Just use shorter staples for the crossways staples under the ears. I used 1.5" for top/bottom and 1.25" or 1" for the ends. The length of that end staple doesn't matter for strength purposes. Just finished assembling 6500 of them so I'm familiar with the product. No complaints from me.


----------



## Kingfisher Apiaries (Jan 16, 2010)

No...there aint any wood for the staple to dig into on the other side of the end bar....


----------



## FarmerJ (Feb 23, 2011)

if you look at the way the assemble them in the factory, they go the opposite direction. Can't say I agree with that move either.


----------



## Risky Beesness (Dec 29, 2010)

This topic is interesting to me because I just completed assembling my 1st 100 (ever) frames, which I got from Mann Lake. I only have one other manufacturer's frames to compare. I was just thinking last night how much better these frames are than the other brand. IMO, the Mann Lake's were far superior to the other brand, that I will not name. Stronger, thicker, and a much better cuts. Of course that is the extent of my experience in assembling frames and I have not purchased any from Dadant, yet. Lots to learn.


----------



## oldenglish (Oct 22, 2008)

I guess to each his own, but I use mann lake frames and like them a lot. I have never had an issue with the staples I use. I just use 1" for the whole frame. They are well made.


----------



## Kingfisher Apiaries (Jan 16, 2010)

Does anybody have a good way to staple under the ears on the ML frames using Ross aka My Old Tools' jig?
mike


----------



## acbz (Sep 8, 2009)

Yes there is. You just have to angle the staple so that it shoots in at an angle. Your jig must allow room for you to do this. If it doesn't, the side pieces of the jig are too tall.


----------



## NDnewbeek (Jul 4, 2008)

I have a lot of different frames in my boxes - but I will say that it has been a LONG while since I bought Mann Lake frames (or any other woodenware from Mann Lake for that matter). I will still buy other products from ML, but nothing made of wood. 

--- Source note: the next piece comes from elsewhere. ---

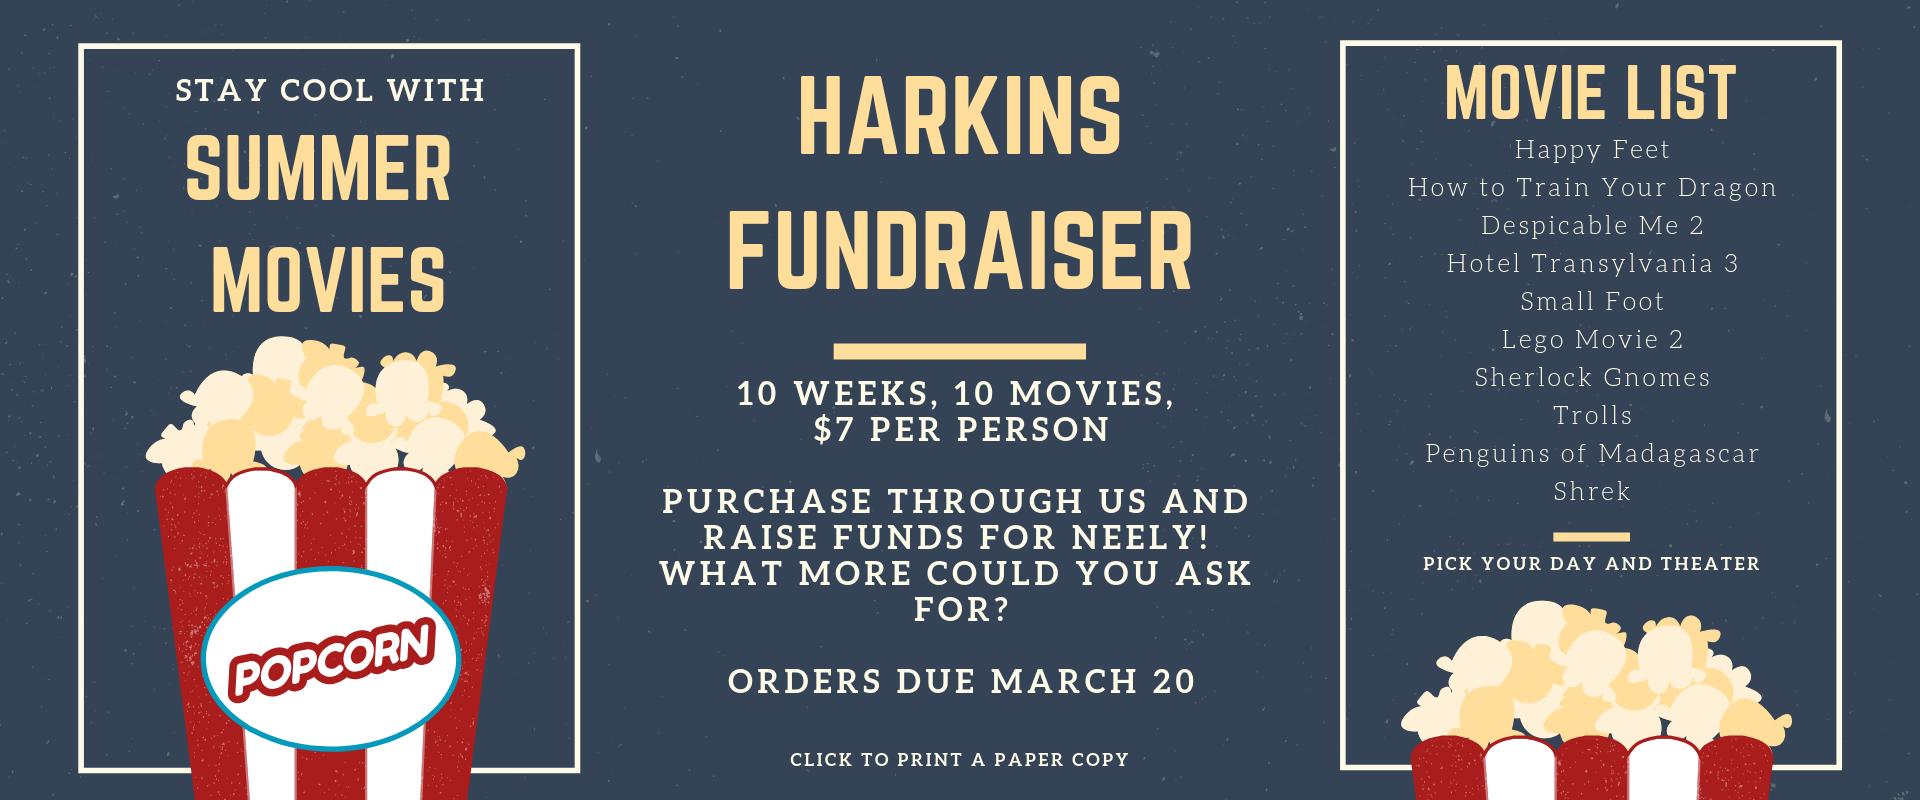 Harkins Summer Movie Fun - Due March 20 @3:30pm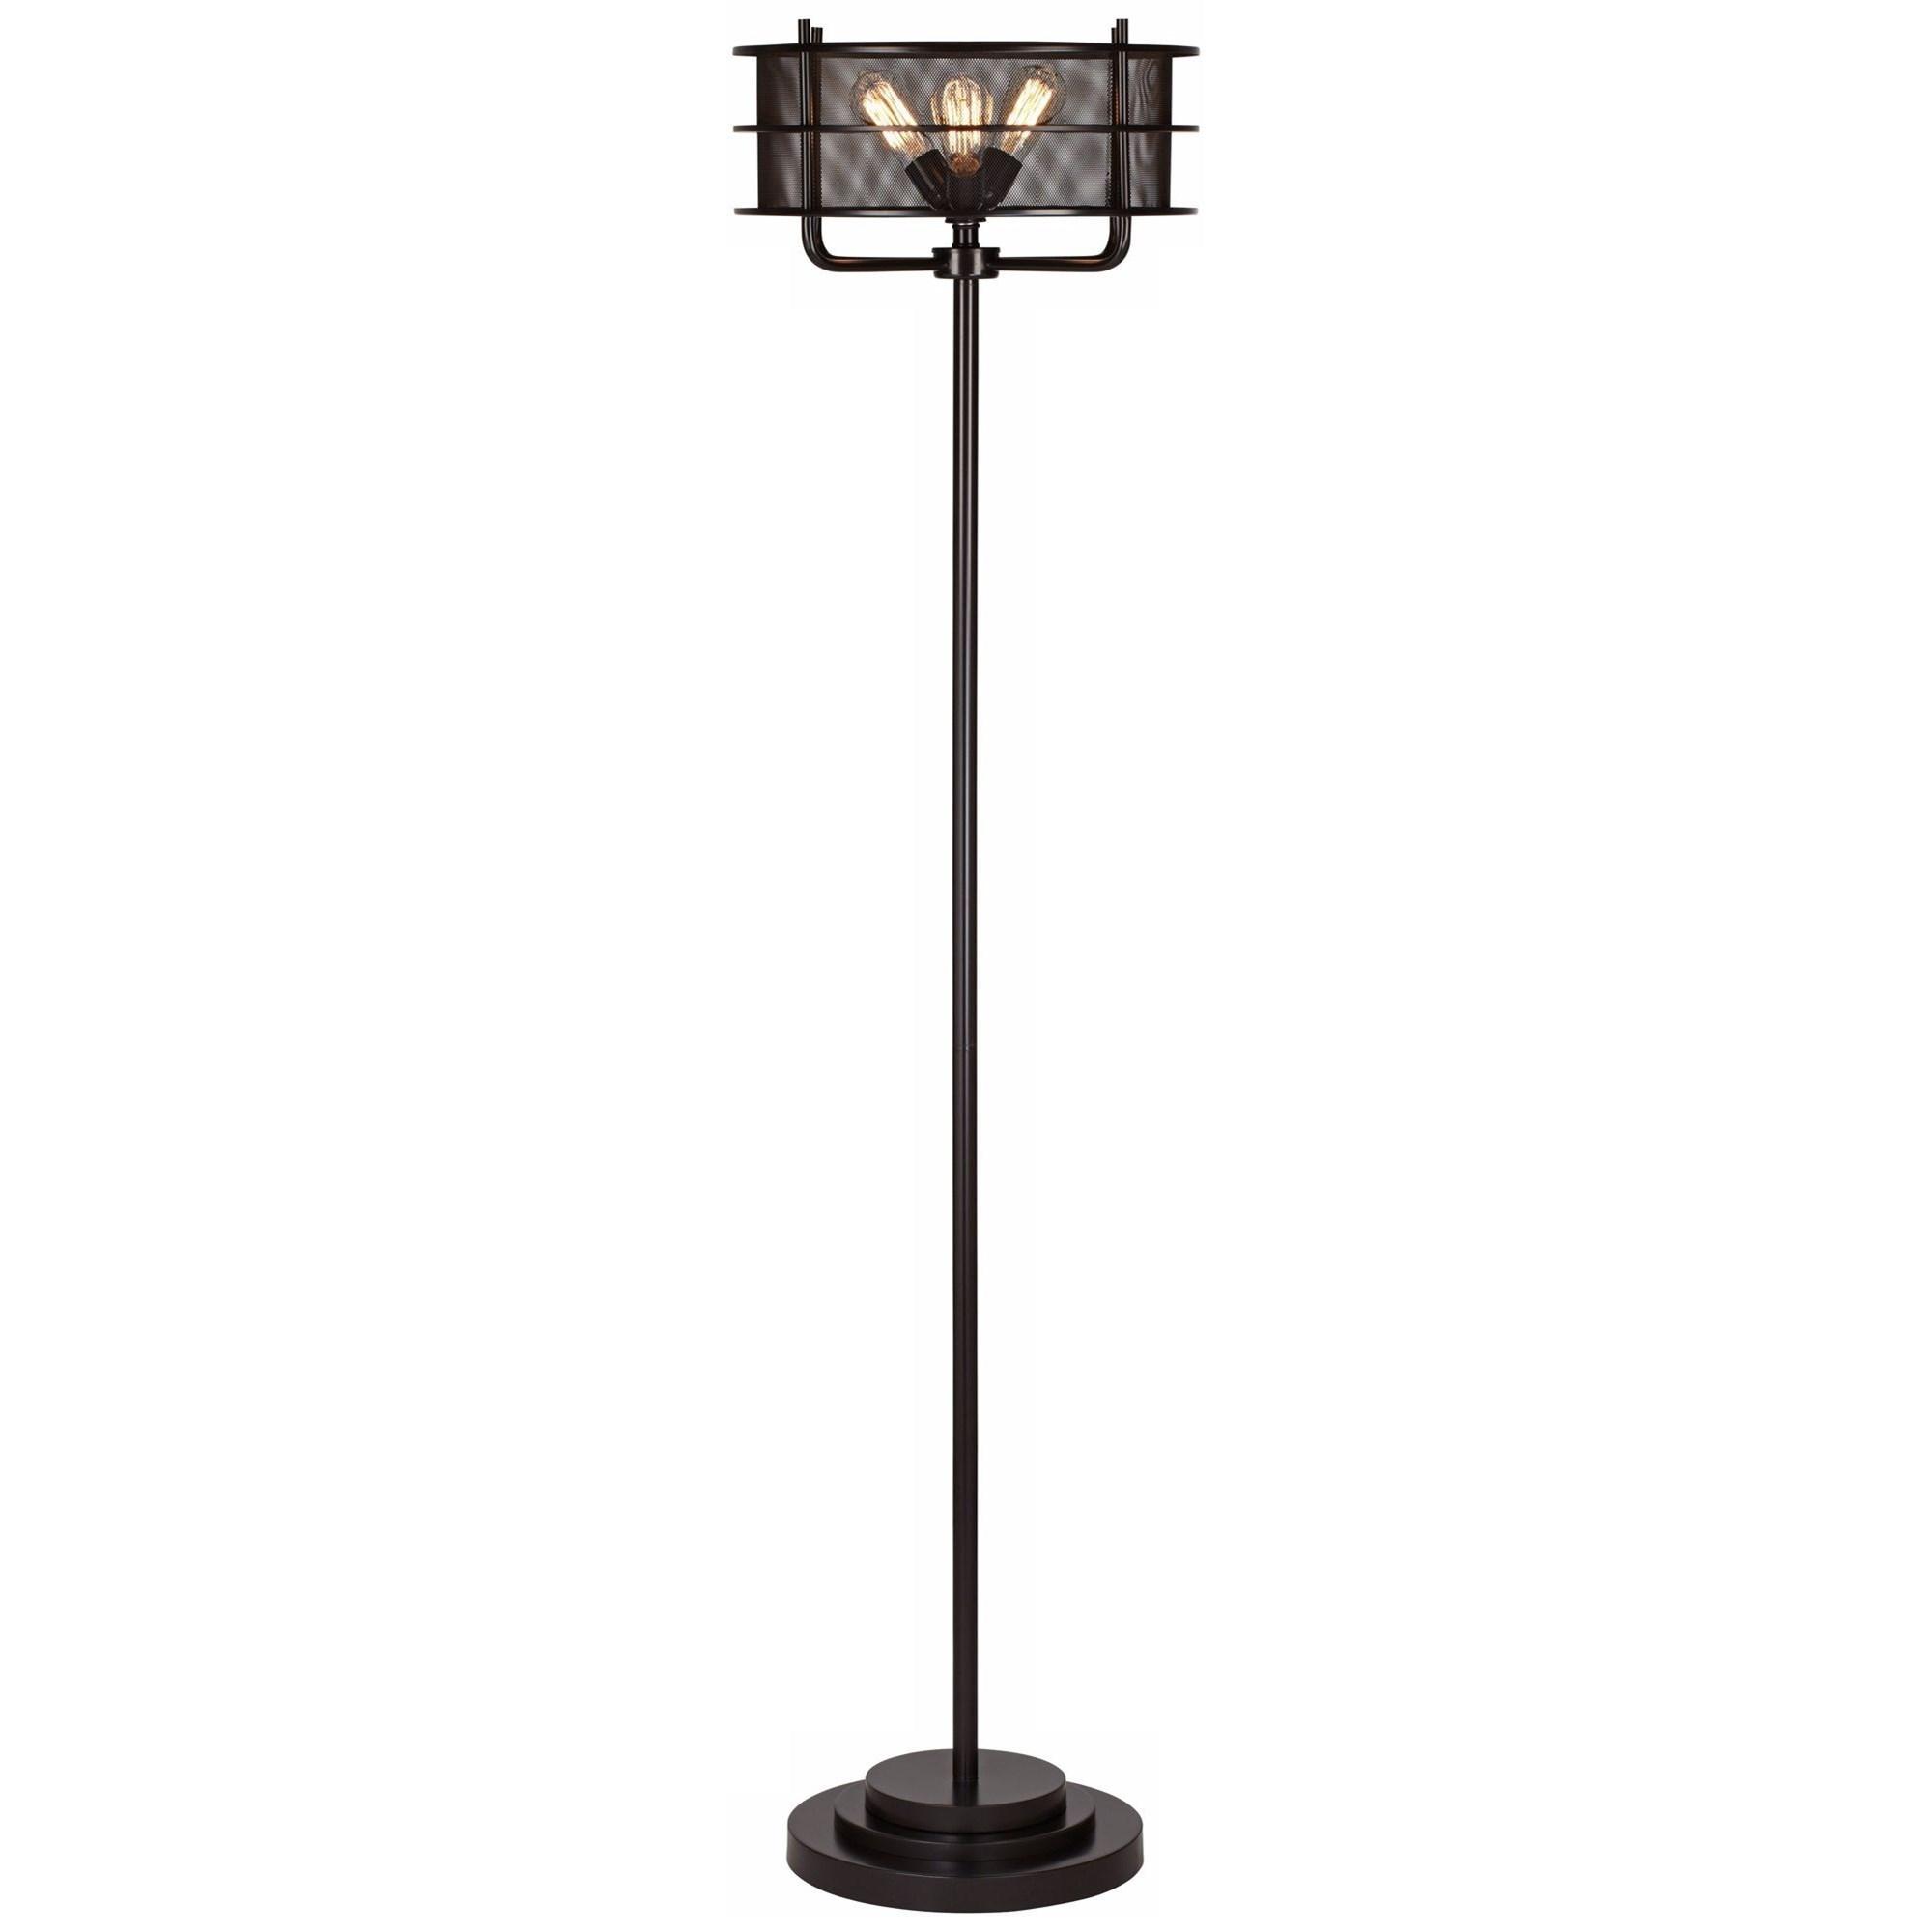 Ovation Industrial Floor Lamp

I have found that the frames don't hold together as well as Dadant frames (I have frames from Kelly and Betterbee too - which I have also liked better than ML frames). I also got a couple of really poor quality supers from ML. Now, this order (frames and supers) was received several years ago, but the poor quality I received along with the ambivalent customer service (I called ML about the supers - nothing was done) convinced me that I was better off buying woodenware from other suppliers or building it myself.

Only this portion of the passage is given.